Once again, we perform the same check with A_{N-2}: if it’s larger than the mean, including it is good; if it’s smaller, including it is bad (and including any further elements is also bad).

Observe that this in fact tells us exactly which suffix to choose as well!
If we define M_i = \frac{A_1 + A_N + A_{N-1} + \ldots + A_i}{N-i+2} to be the mean if we take the suffix starting at i, then the above algorithm can be rephrased as follows:

  • Let i be the largest index such that A_i \le M_{i+1}.
    Then, the optimal suffix to choose is the one starting at i+1.

(Recall that we’re working with the sorted array A here.)
In fact, we can prove something a bit stronger: if i is the largest index such that A_i \le M_{i+1}, then for all j \le i, we’ll have A_j \le M_{j+1} as well!
(This can be proved with simple algebra, using the fact that if you have a set of elements with mean M and insert a new element X to obtain a new mean M', then if M \gt X you’ll have M' \gt X and if M \lt X you’ll have M' \lt X as well.)

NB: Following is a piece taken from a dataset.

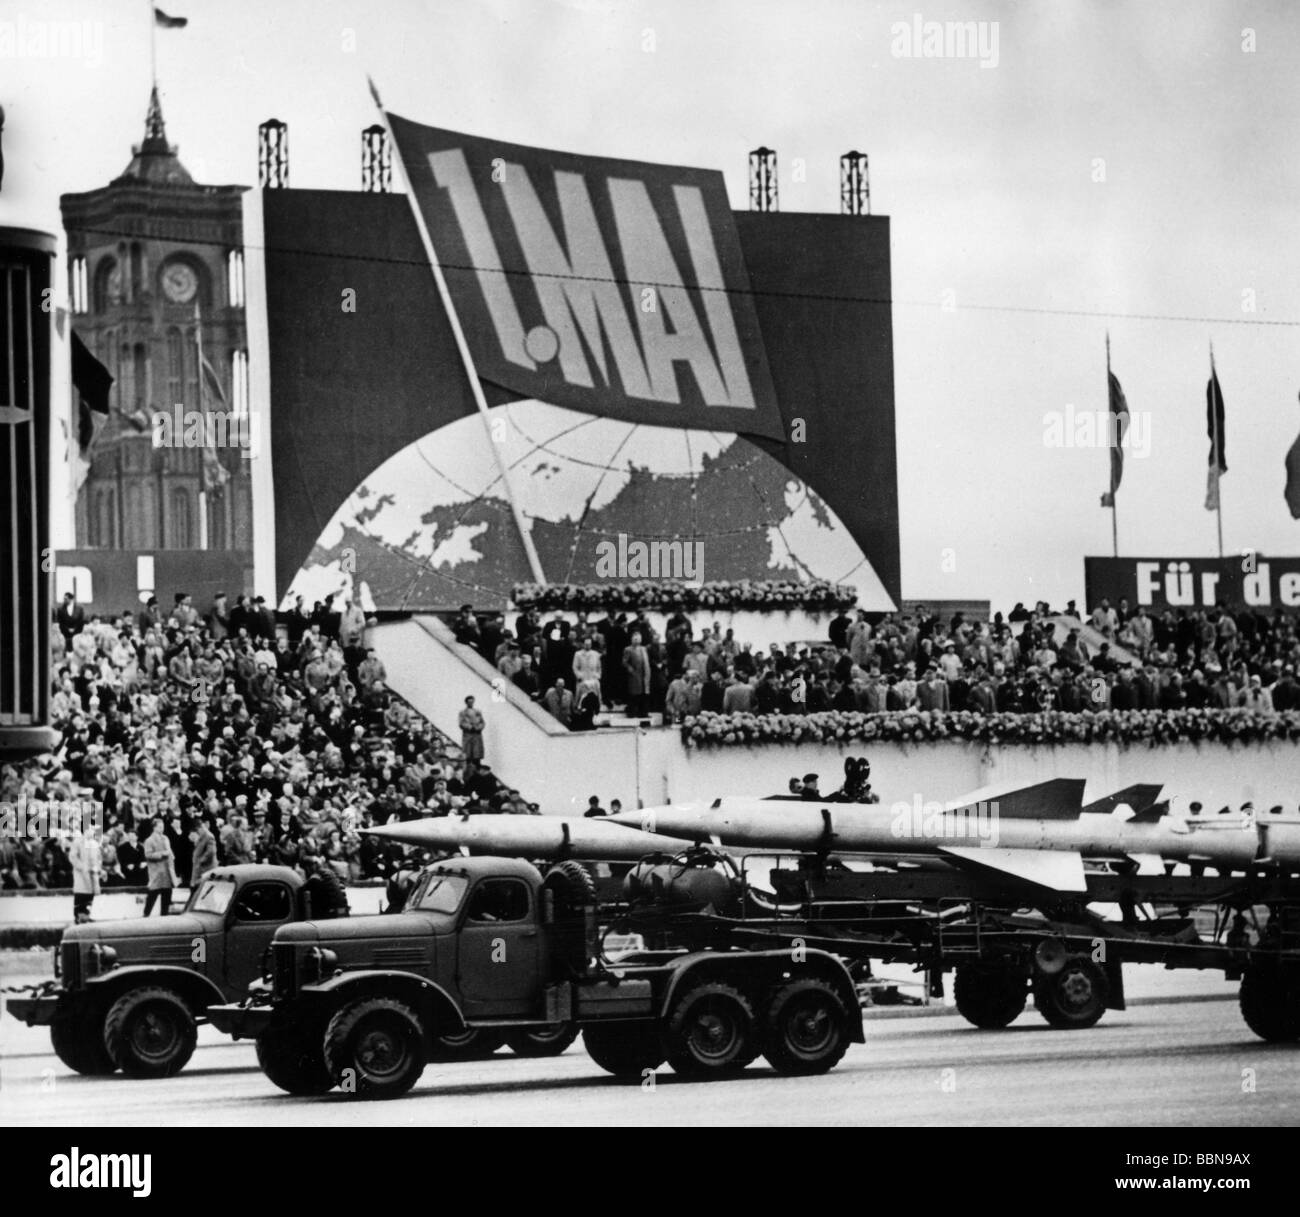 Militar, Alemania del este, Fuerzas aéreas/Defensa Aérea, misiles antiaéreos S-75 'dvina', desfile del 1 de mayo, Berlín del este, 1.5.1962, , Foto de stock

That is, the condition of A_i \le M_{i+1} is monotonic with respect to i!


Monotonicity is a very helpful condition, because it allows for the use of binary search.
That is, we now have the following solution for a (sorted) array A:

  • Use binary search to find the largest index i such that A_i \le M_{i+1}.
    Computing M_{i+1} can be done in constant time if we know the appropriate suffix sum.
  • Once this i is found, the answer is then just M_{i+1} - A_1.

This is the solution that we will extend to solving for every prefix.

Now, we certainly don’t have the time to sort and build suffix sums for every prefix of A.
However, we don’t exactly need that: rather, what we need is to just be able to compute the sum of the largest k elements of a given prefix.
That’s a lot more manageable, and can be handled quickly using a segment tree/fenwick tree.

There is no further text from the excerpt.